Understanding avian pathogenic Escherichia coli

20-12-2023 | |
Avian Pathogenic E. coli, or simply APEC, is an extra-intestinal subgroup of pathogenic Escherichia coli that can cause disease in susceptible poultry, most commonly leading to clinical colibacillosis.
Avian Pathogenic E. coli, or simply APEC, is an extra-intestinal subgroup of pathogenic Escherichia coli that can cause disease in susceptible poultry, most commonly leading to clinical colibacillosis.

Colibacillosis and associated diseases caused by pathogenic Escherichia coli strains have long burdened the global poultry industry. However, advances in analytical research tools and feed additive technologies provide an opportunity to understand the issue better and incorporate targeted nutritional strategies in a risk management plan.

Avian Pathogenic E. coli, or simply APEC, is an extra-intestinal subgroup of pathogenic Escherichia coli that can cause disease in susceptible poultry, most commonly leading to clinical colibacillosis. Because colibacillosis is generally a secondary disease – and E. coli and APEC are extremely diverse – it has been challenging to identify and differentiate between APEC strains.

For decades, commensal E. coli inhabitants of the poultry gut have been largely differentiated from pathogenic variants like APEC using classical serotyping, specific virulence gene markers and the associated disease pathology. Today, however, these basic concepts are increasingly challenged by advances in molecular research and field observations.

Evolving APEC pathotype

Historically, clinical isolates from diseased birds were often dominated by serogroup O78 or O2, which was reported in textbooks for years. Early in the 21st century, plasmids known as ‘ColV’ and ‘ColBM’ were identified among specific APEC-containing virulence genes. These have been subsequently referred to as the APEC plasmids and are recognised as a differentiating feature of isolates from various serogroups causing colibacillosis.

Advances such as genome sequencing and bioinformatics, coupled with changing etiology, have begun to reveal a more complex disease process and variability among isolates. New serogroups are continually emerging and the presence of an APEC plasmid alone is now considered insufficient to predict virulence, as these plasmids are now commonly found in commensal E. coli from a healthy avian gastrointestinal tract.

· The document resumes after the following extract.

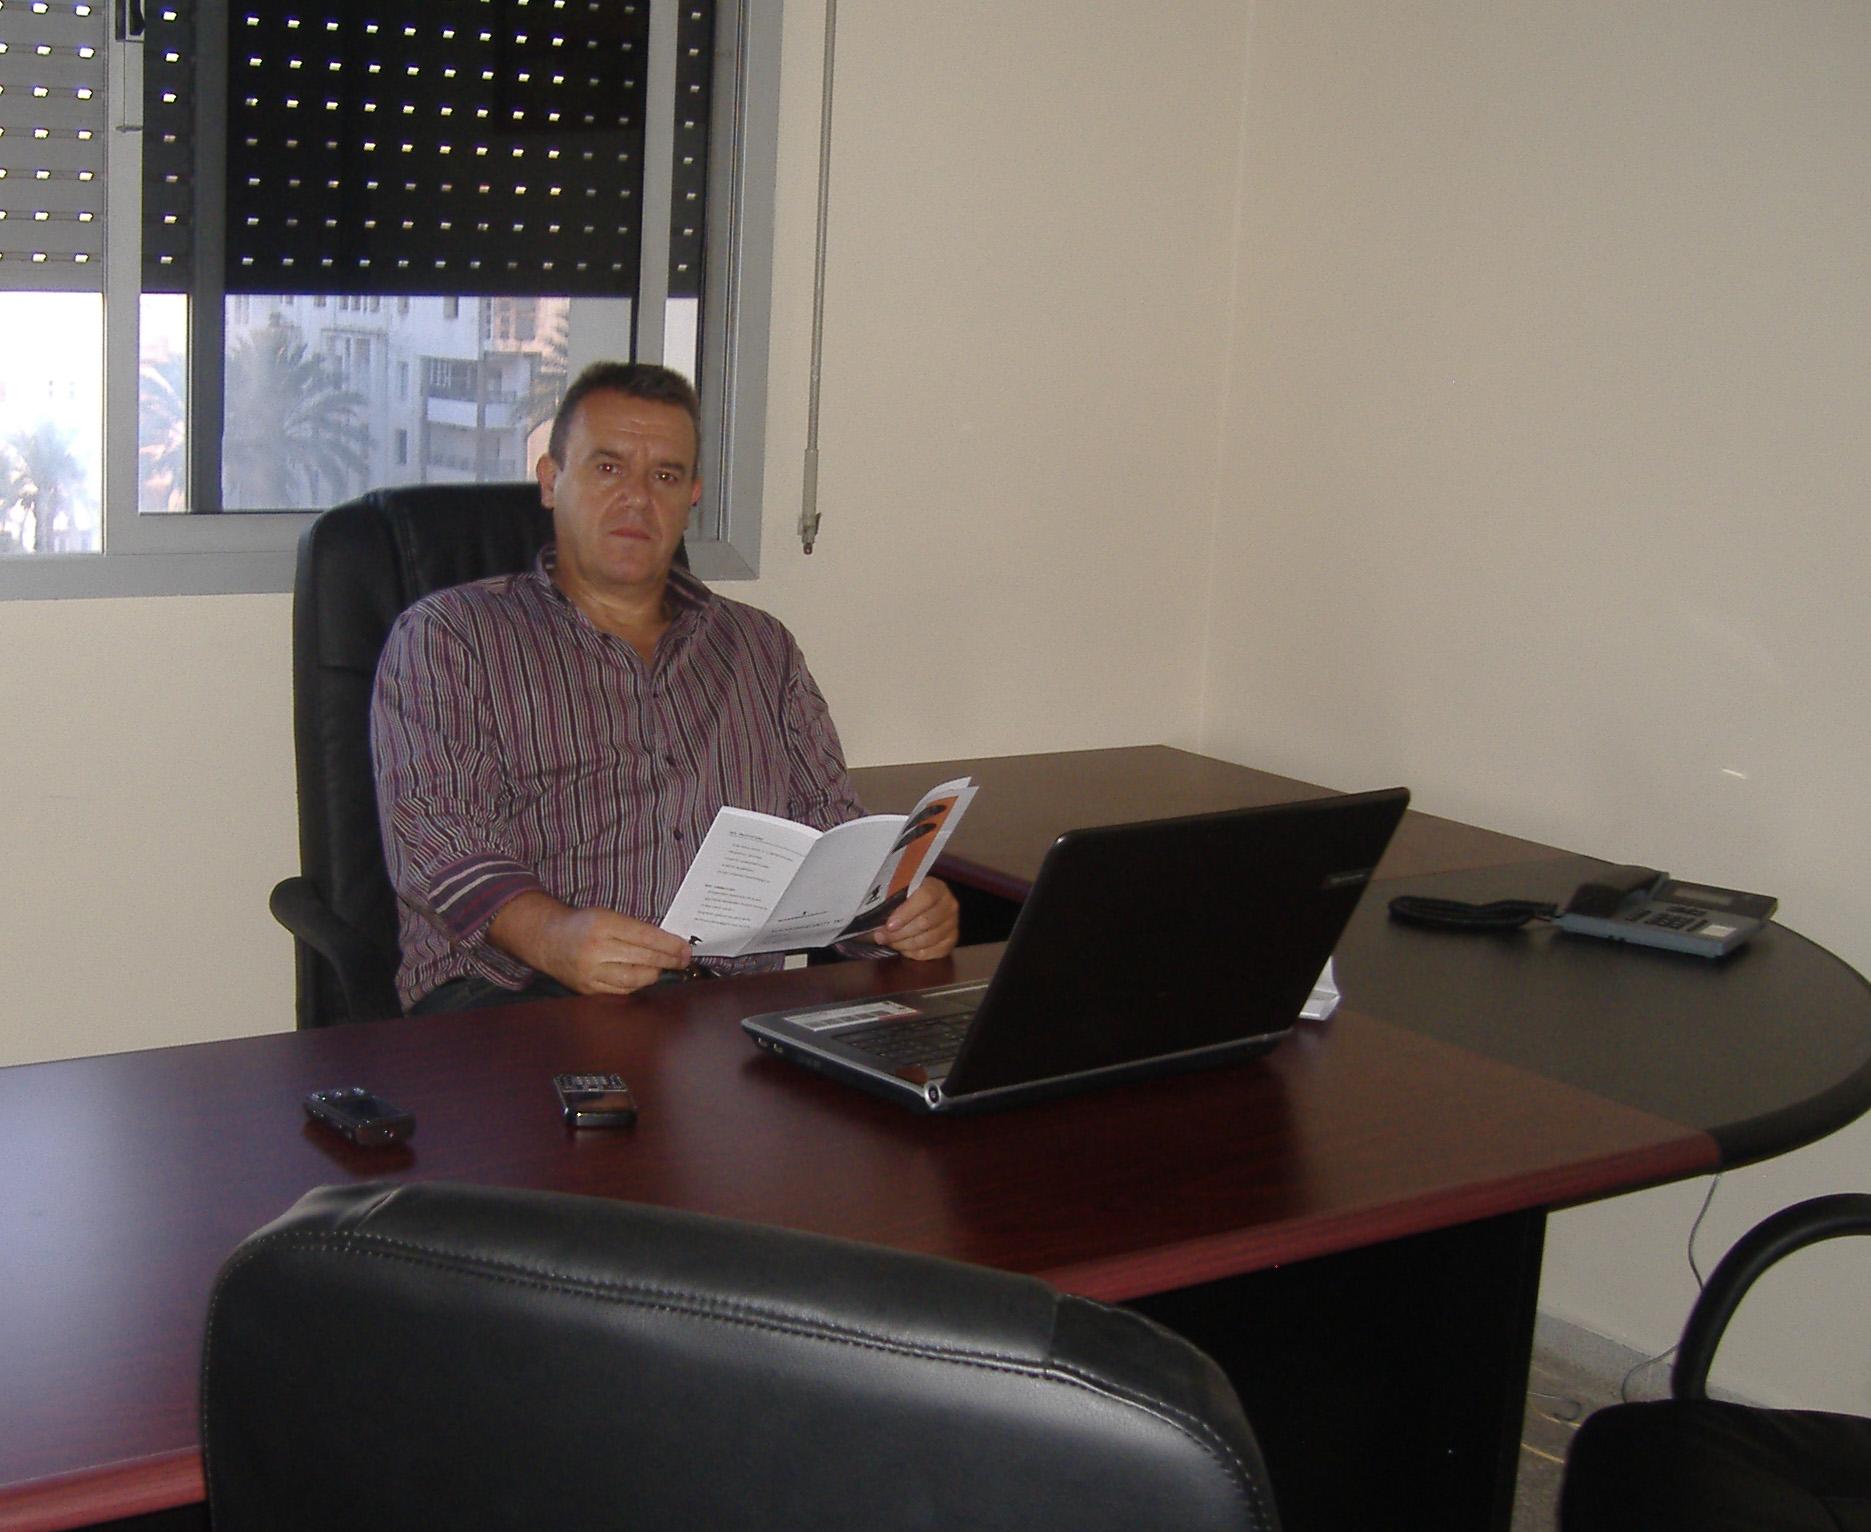 mobilier de bureau au maroc mobilier de bureau casablanca souk ma mobilier de bureau. Black Bedroom Furniture Sets. Home Design Ideas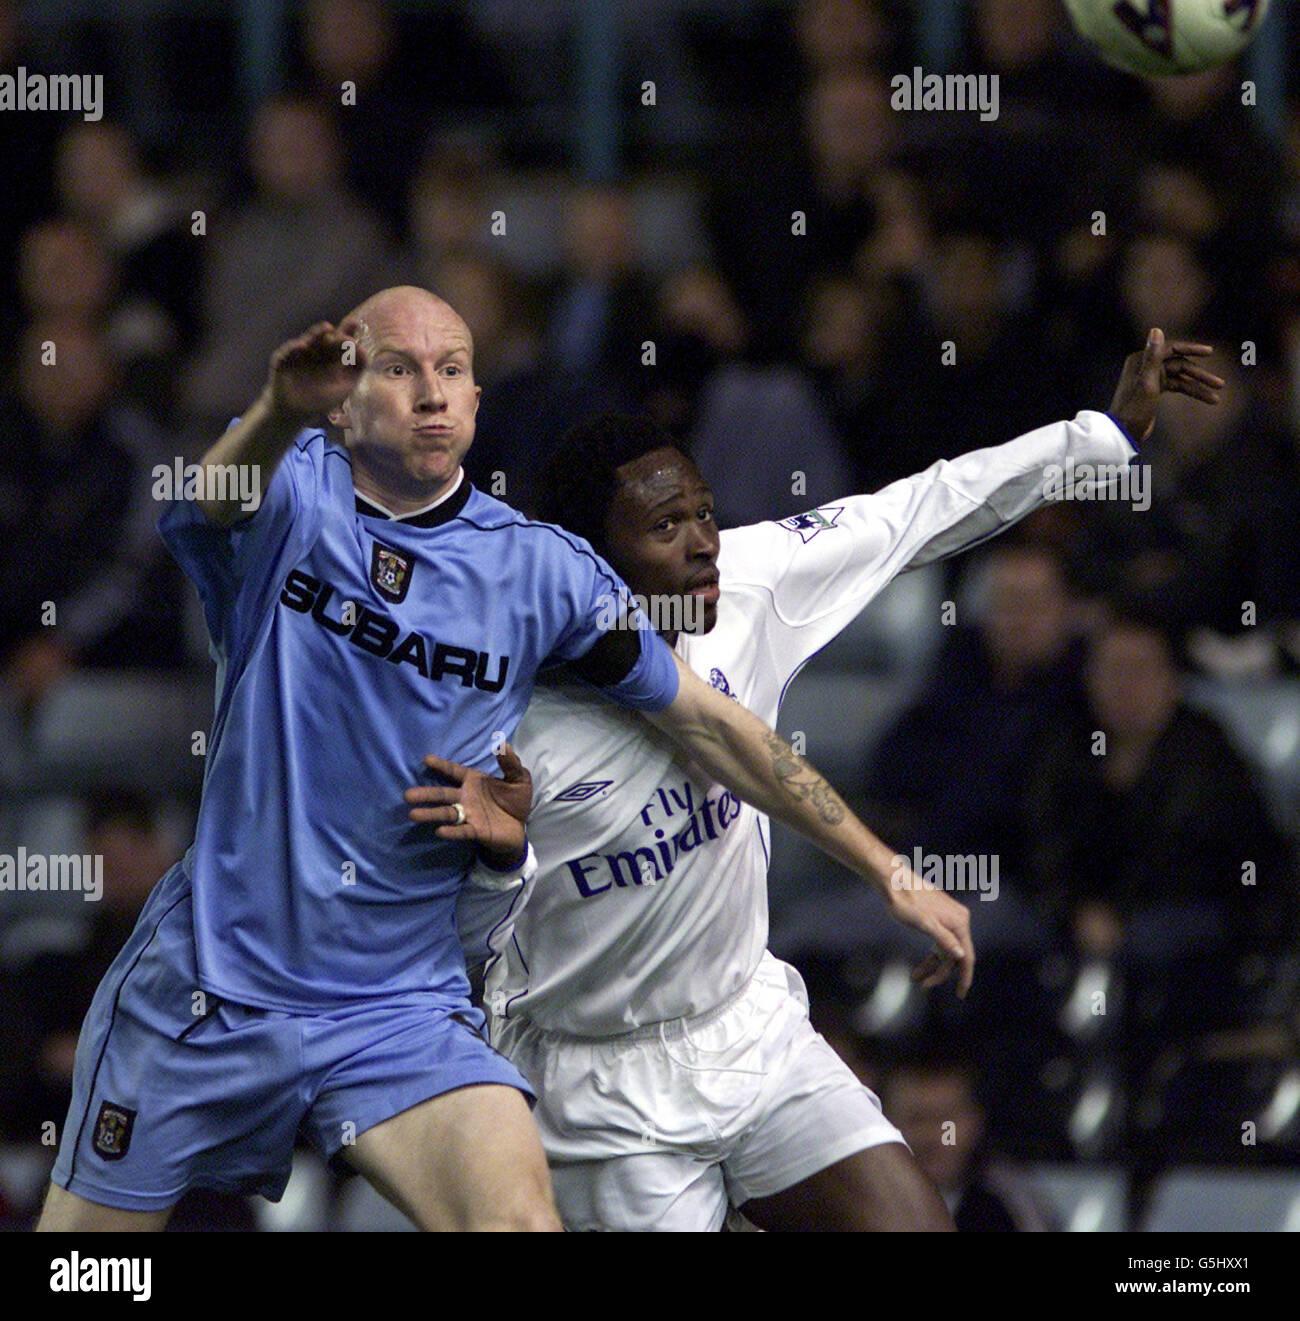 FOOTBALL LEE HUGHES/CELESTINE BABAYARO - Stock Image

The use of high-resolution genomics has revealed that APEC likely becomes successful through a mix-and-match combination of certain serogroup or sequence type chromosomal backgrounds combined with APEC plasmid variants. Clearly, there are dominant mix-and-match combinations which are responsible for the vast majority of colibacillosis cases in poultry, and there is substantial strain overlap across different bird types raised for poultry production.

Non-specific management of APEC risk

Like most disease-causing microbial agents, intervening in the transmission cycle is essential to preventing exposure. An emphasis on biosecurity and general management practices are the primary defences against APEC intrusion into a flock. APEC may enter a system via multiple routes and, aside from vertical transmission from breeder stock, used litter may be a leading exposure source. However, exposure alone does not indicate a strong probability of an outbreak, as APEC is very likely to be present in most healthy flocks.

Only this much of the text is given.